→ Description of the task: All the data should be repeated exactly. Any image in it is left out.

→ Collected material:
════
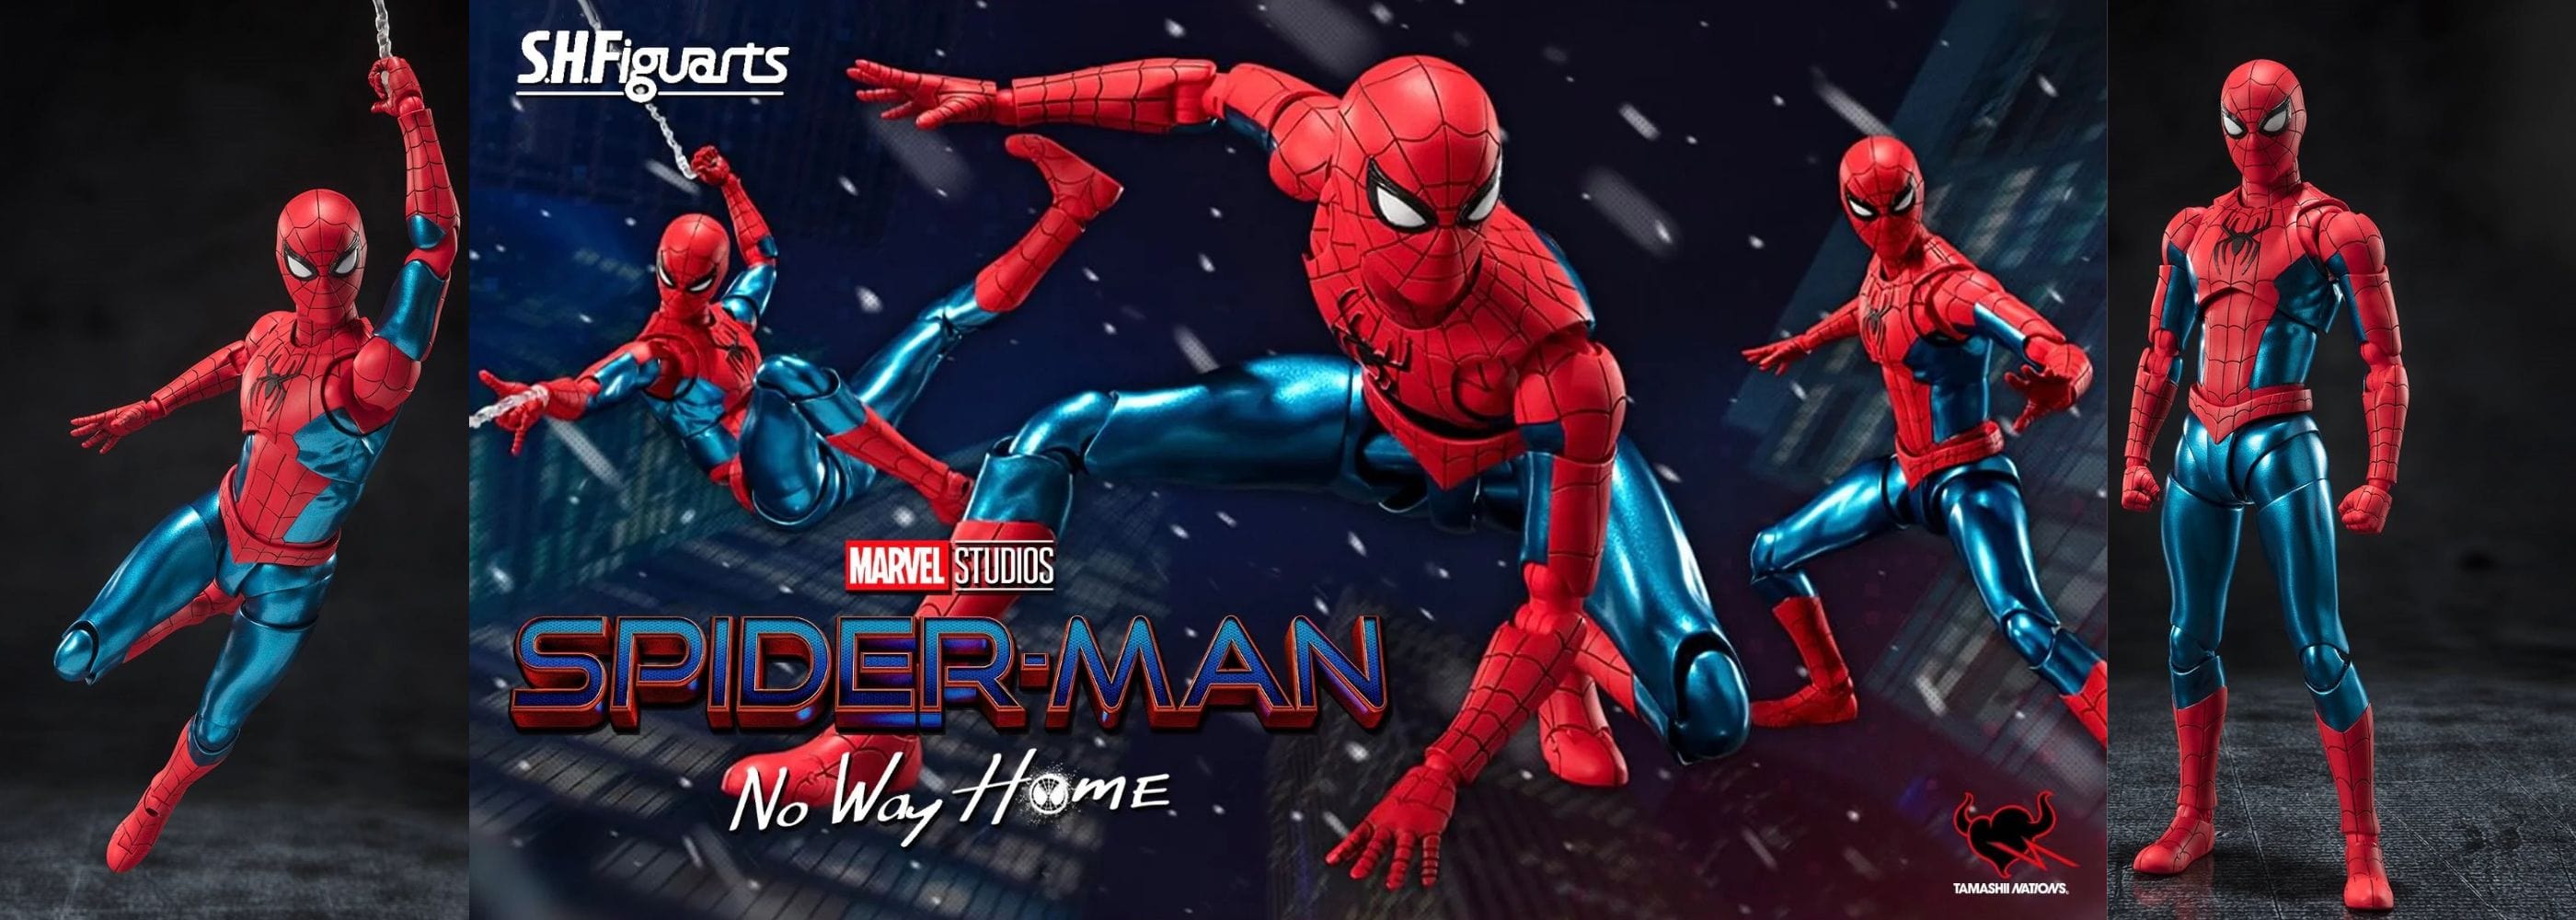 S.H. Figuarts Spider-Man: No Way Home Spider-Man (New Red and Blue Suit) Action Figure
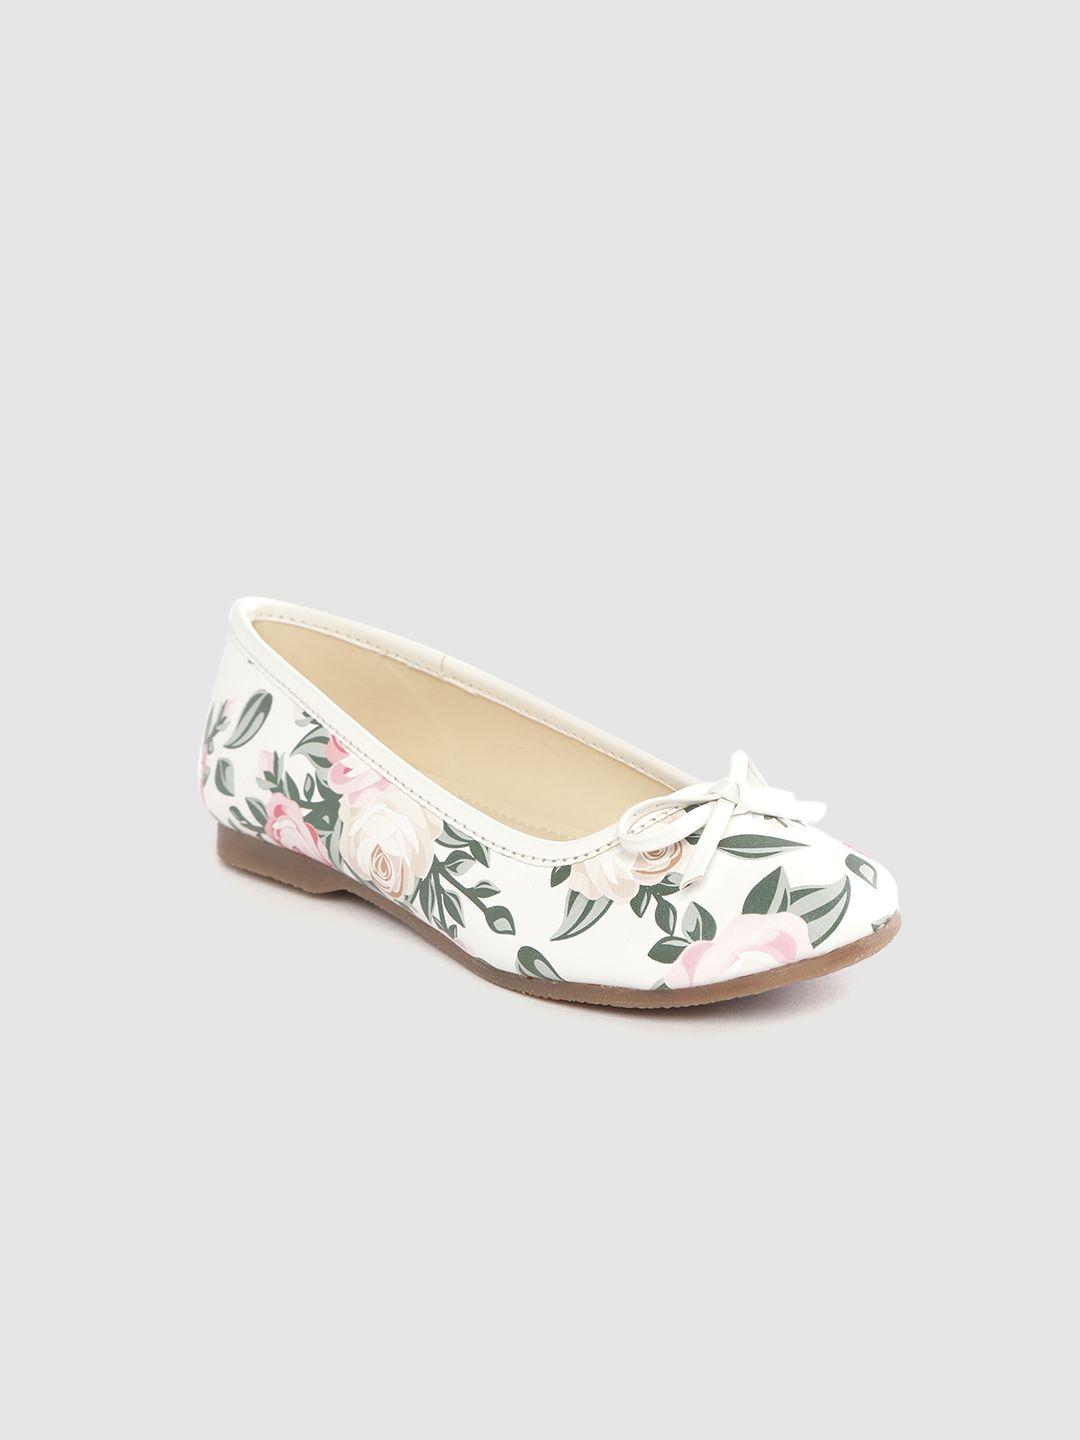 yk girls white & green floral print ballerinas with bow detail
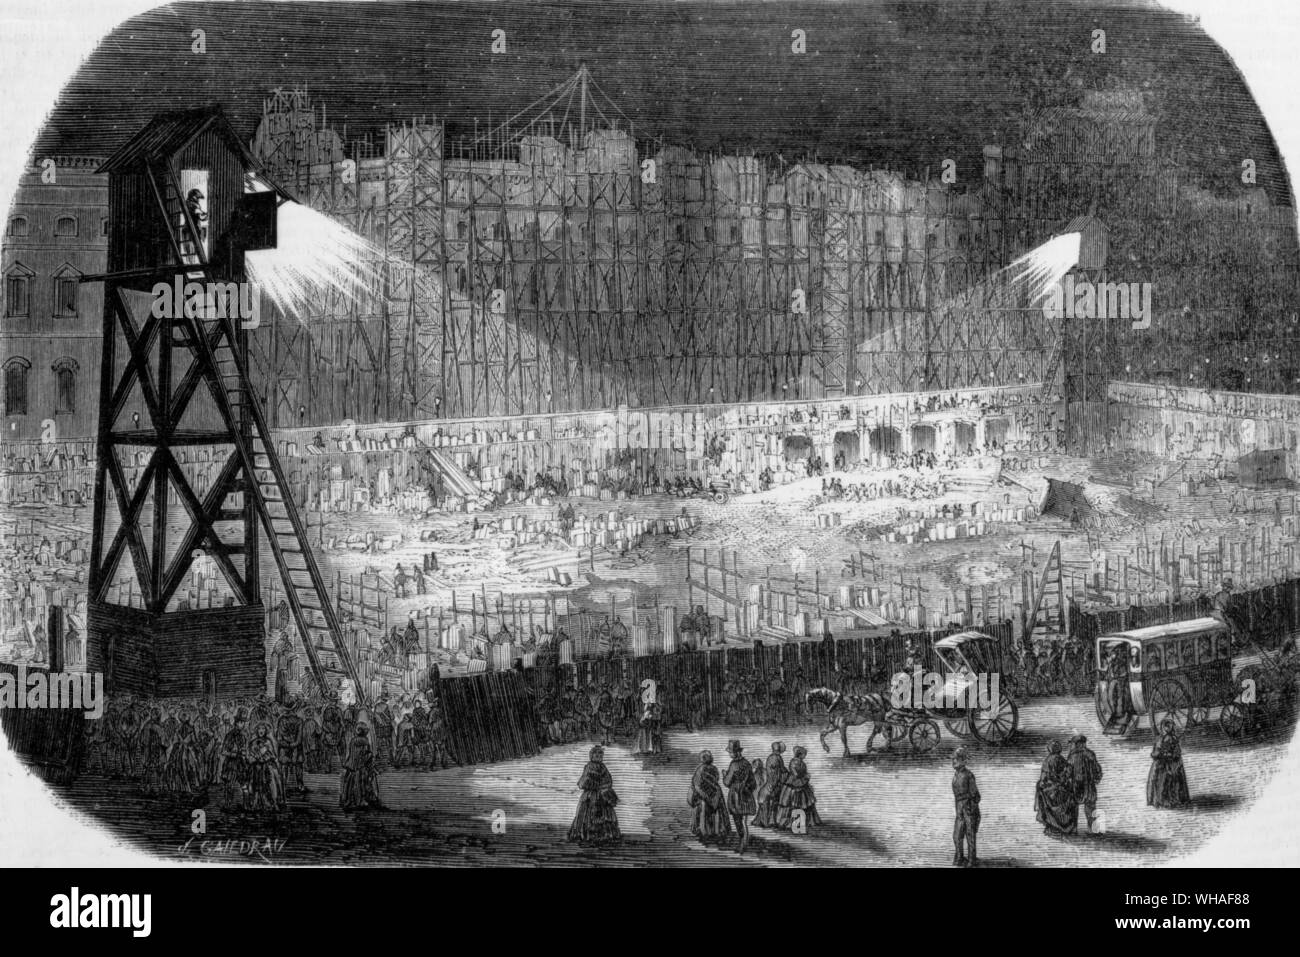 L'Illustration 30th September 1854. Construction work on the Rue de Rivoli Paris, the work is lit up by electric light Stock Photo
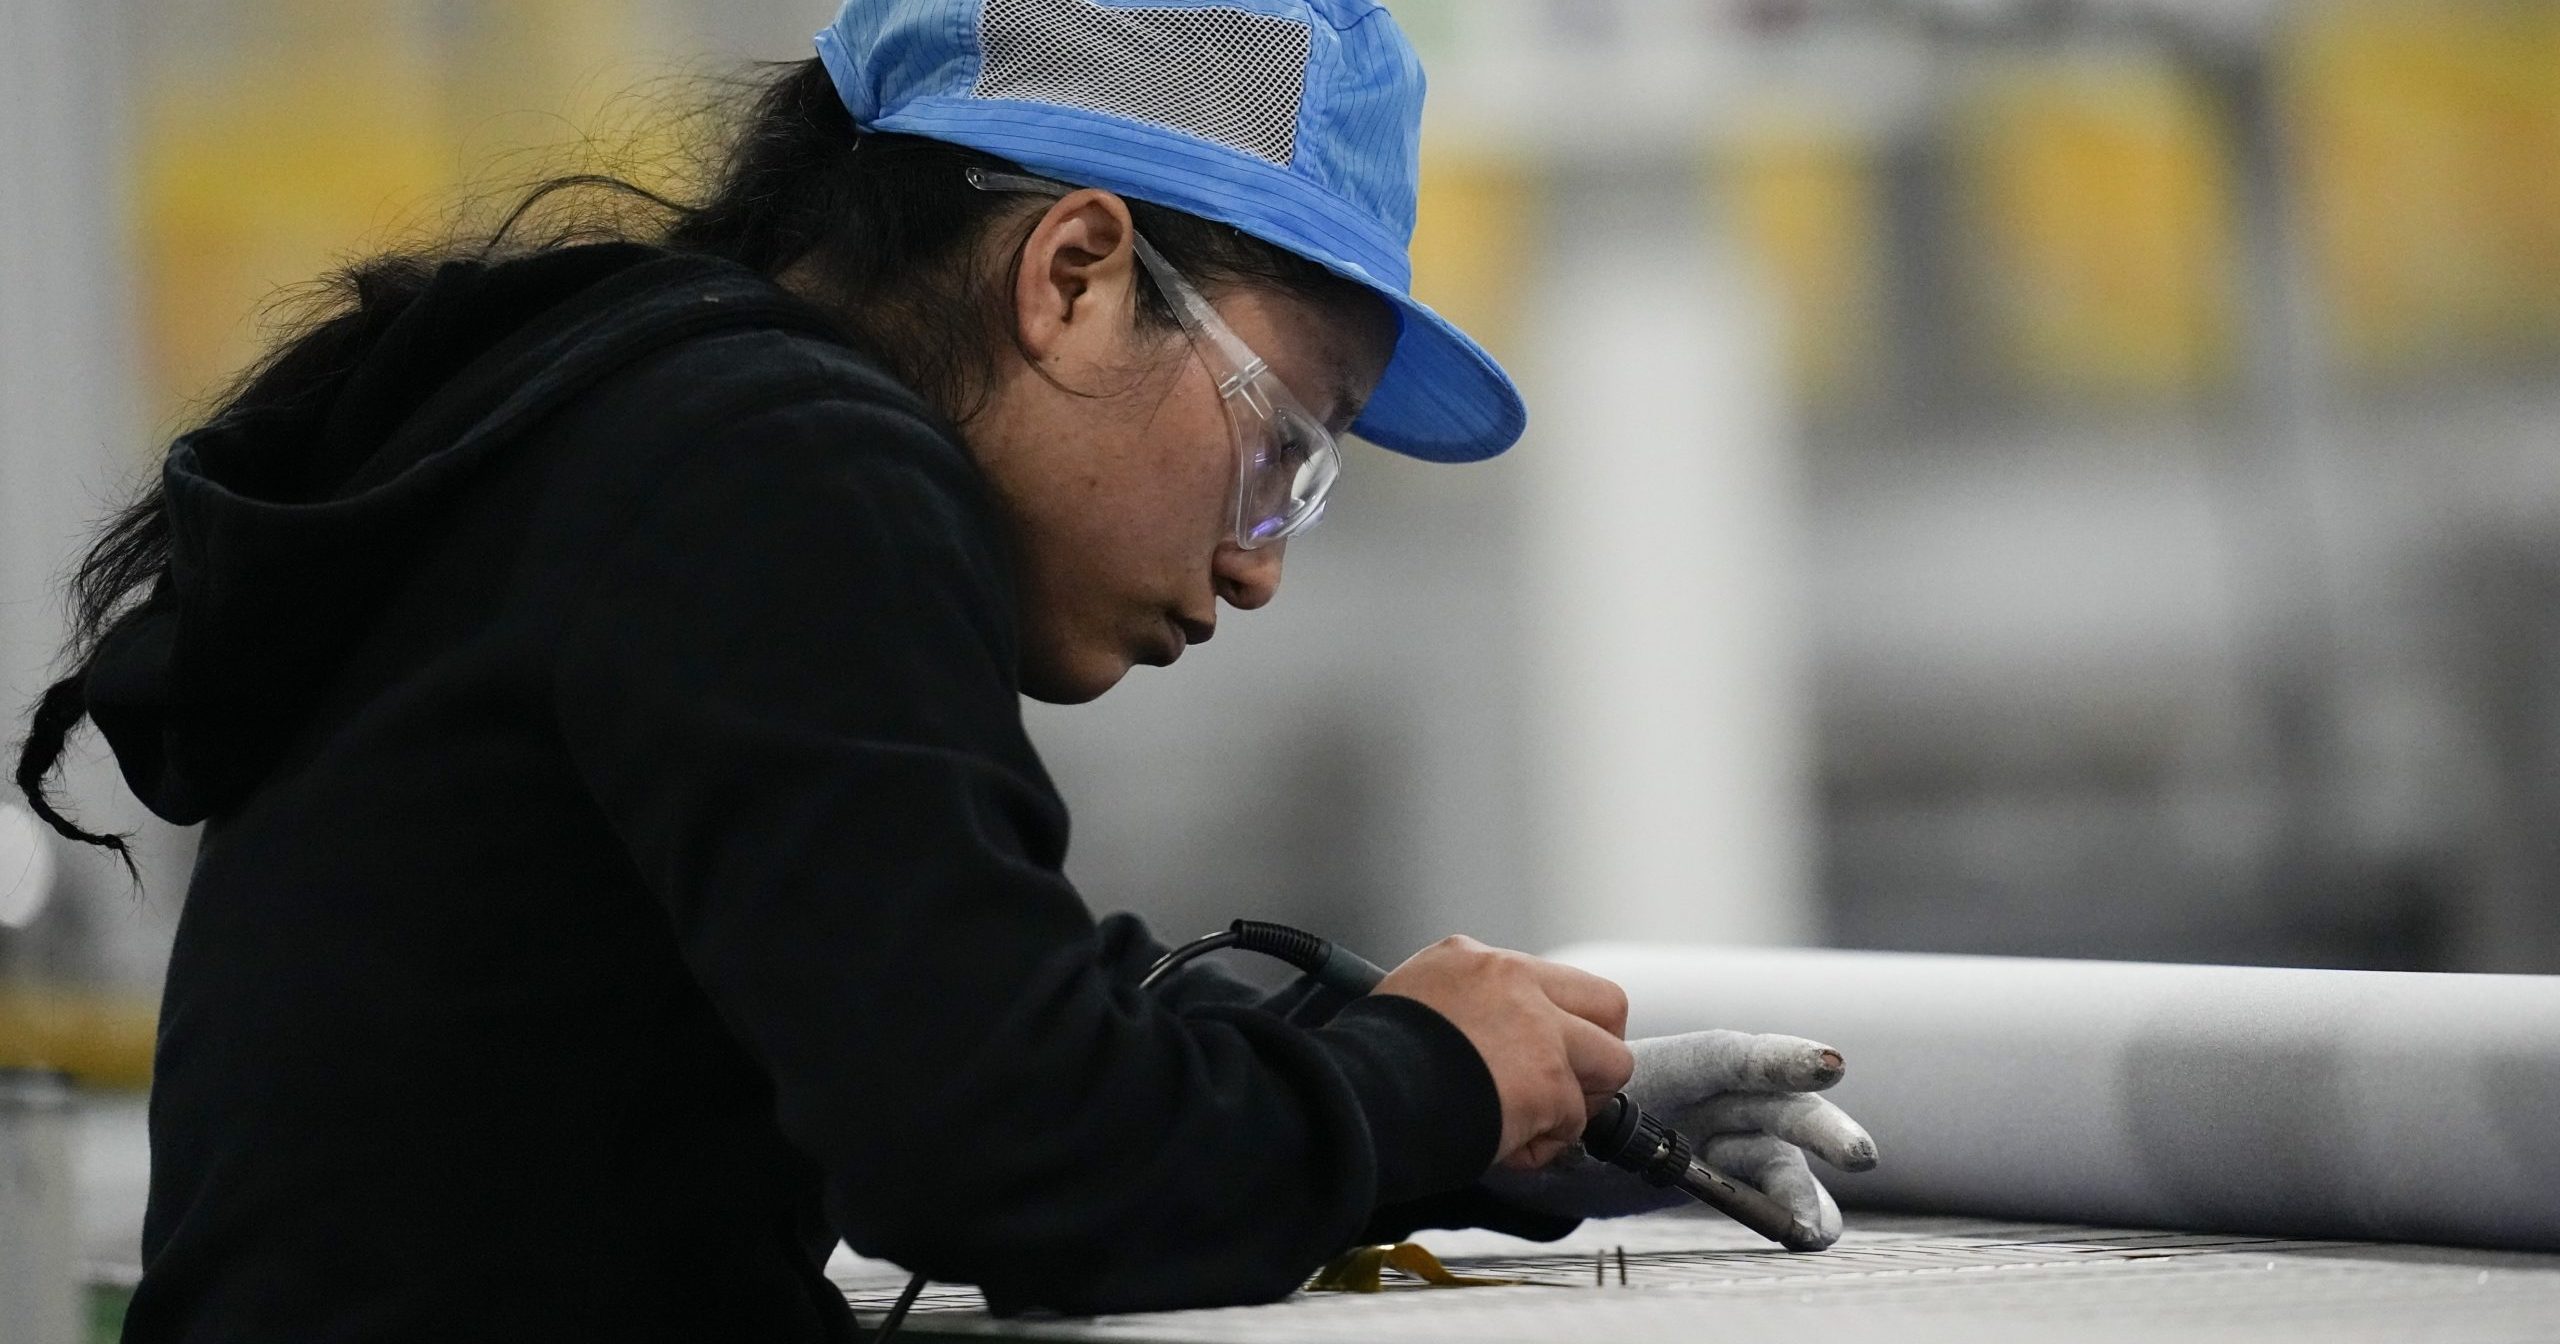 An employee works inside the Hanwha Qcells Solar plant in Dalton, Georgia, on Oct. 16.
════
→ Solution to this problem:
 S.H. Figuarts Spider-Man: No Way Home Spider-Man (New Red and Blue Suit) Action Figure
 yk girls white & green floral print ballerinas with bow detail
 L'Illustration 30th September 1854. Construction work on the Rue de Rivoli Paris, the work is lit up by electric light Stock Photo
 An employee works inside the Hanwha Qcells Solar plant in Dalton, Georgia, on Oct. 16.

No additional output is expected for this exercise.